Pickering residents feel impact of Japan’s nuclear crisis

PICKERING, On. – People who live near the nuclear plant in Pickering have felt the impact from the nuclear crisis in Japan.

In the ten years Janice Marks has worked at Bay Ridges pharmacy, she said she has never seen such a demand for iodine pills.

The drug store is just 3 km from Pickering’s Ontario Power Generation and has been one of several dispensing free potassium iodide pills over the years to people who live around the plant.

The pills are used to protect people from radioactive iodine, and are commonly used when a radioactive accident has happened.

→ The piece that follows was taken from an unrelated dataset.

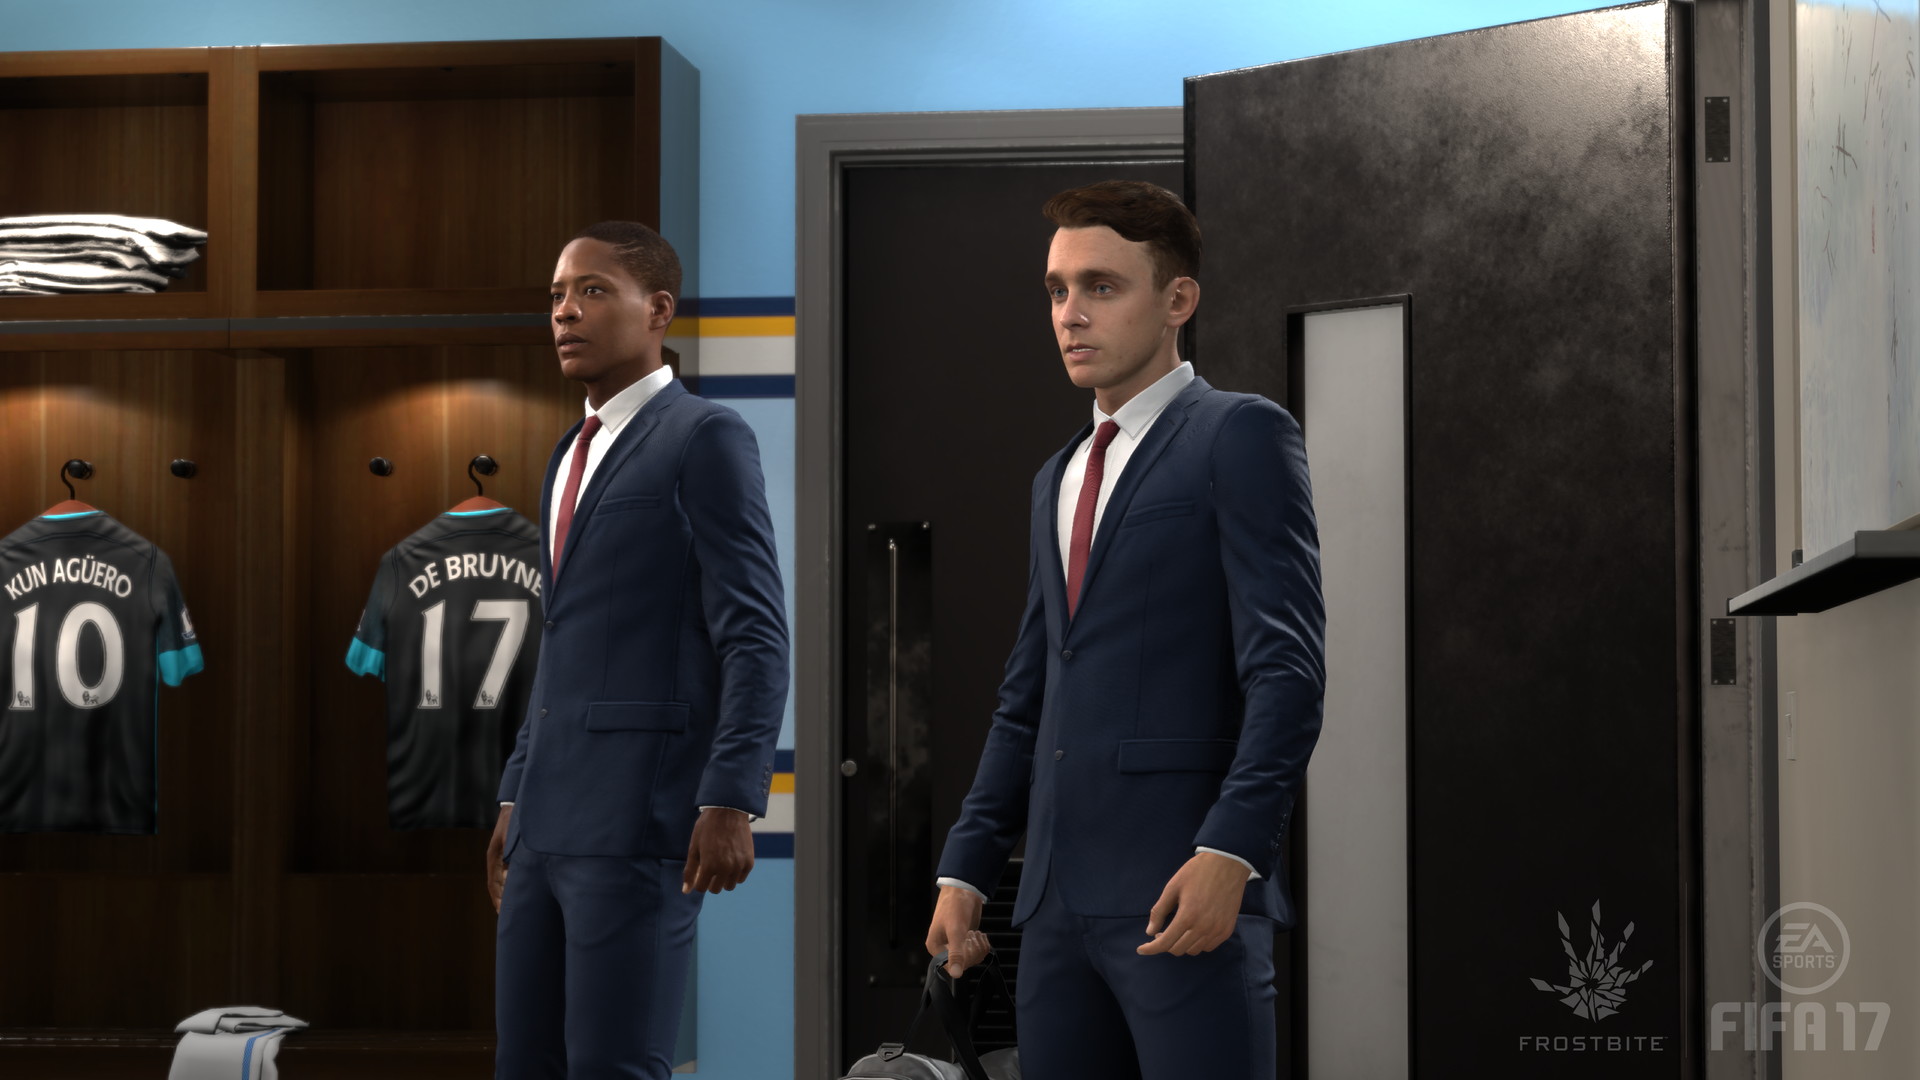 FIFA 17 - screenshot 7

“Today alone we’ve already had four people,” Marks said Tuesday. “That doesn’t seem like a lot, but for here it is. Normally, I might get four people in a year.”

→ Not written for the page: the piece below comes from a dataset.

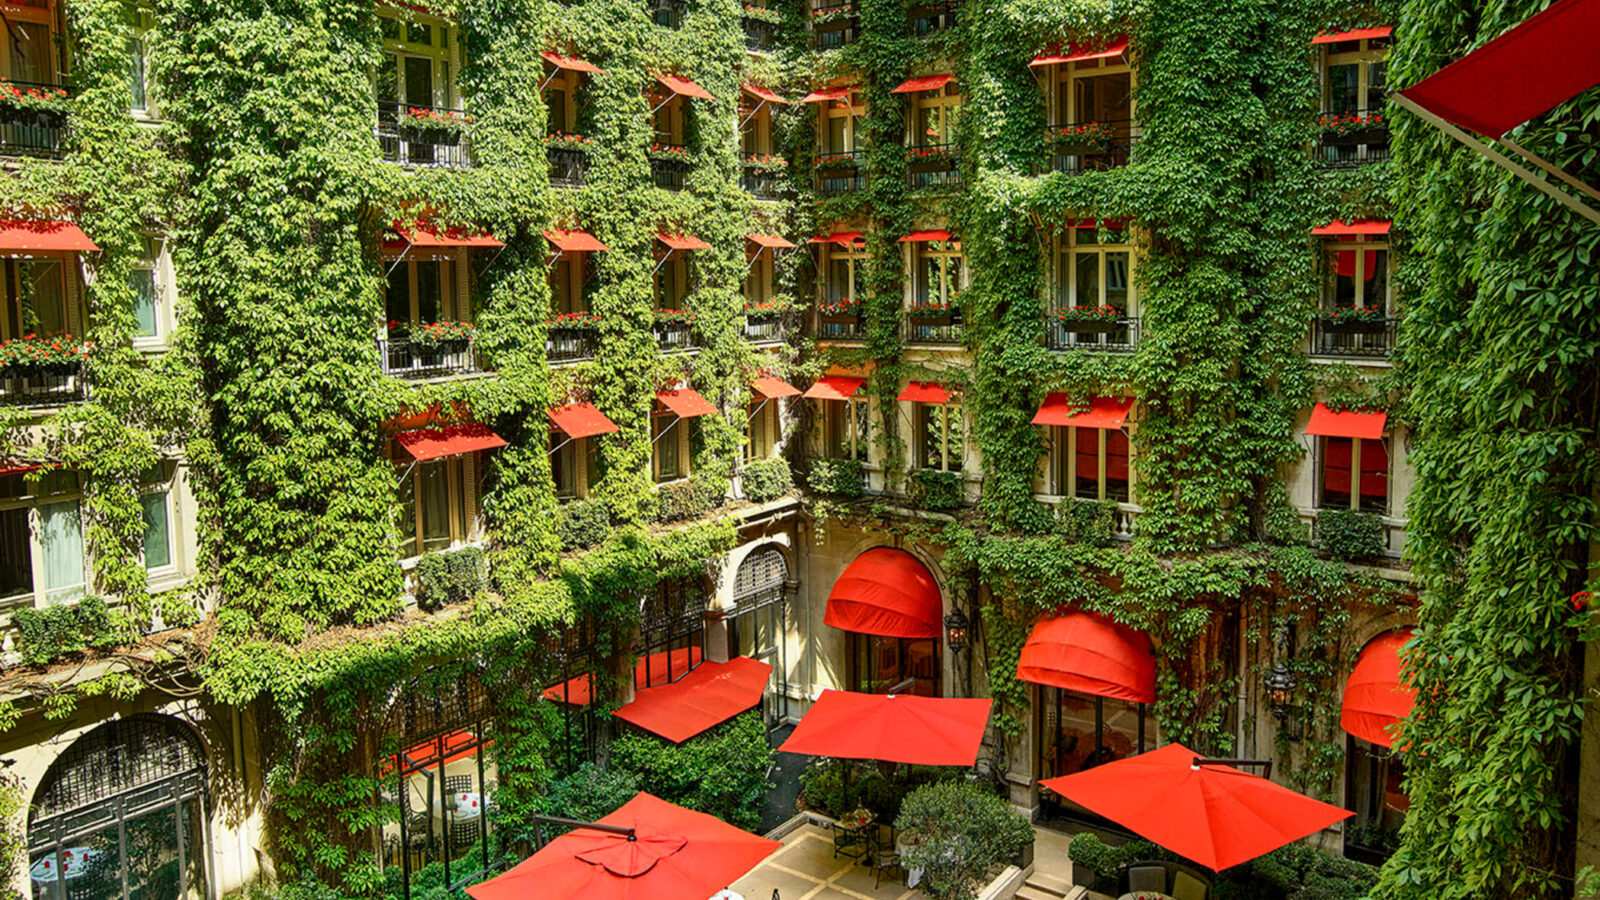 Hotel-Plaza-Athenee-La-Cour-Jardin-Courtyard-Garden

Marks chalks up the sudden demand for the pills to the news of the events in Japan, following the massive earthquake that devastated parts of the country on Friday, and the fact that many of her customers live close to the Pickering nuclear plant.

Bay Ridges is one of five drug stores listed by Emergency Management Ontario, dispensing the pills for free to people living within 10 km of the Pickering plant. The same program is in effect for people living close to the Darlington Nuclear Generating Station.

“A few people have come in and expressed that they’re afraid … that the same thing could happen here with an earthquake,” Marks said. “They’re afraid nuclear power stations are not prepared to handle these kinds of emergencies.”

Pharmacist Gamil Gayed of Liverpool Pharmacy, located in the Liverpool Road and Bayly Street area of Pickering, said he has also seen the same spike over the last few days.

He gave out two bottles on Tuesday, and at least six on Monday.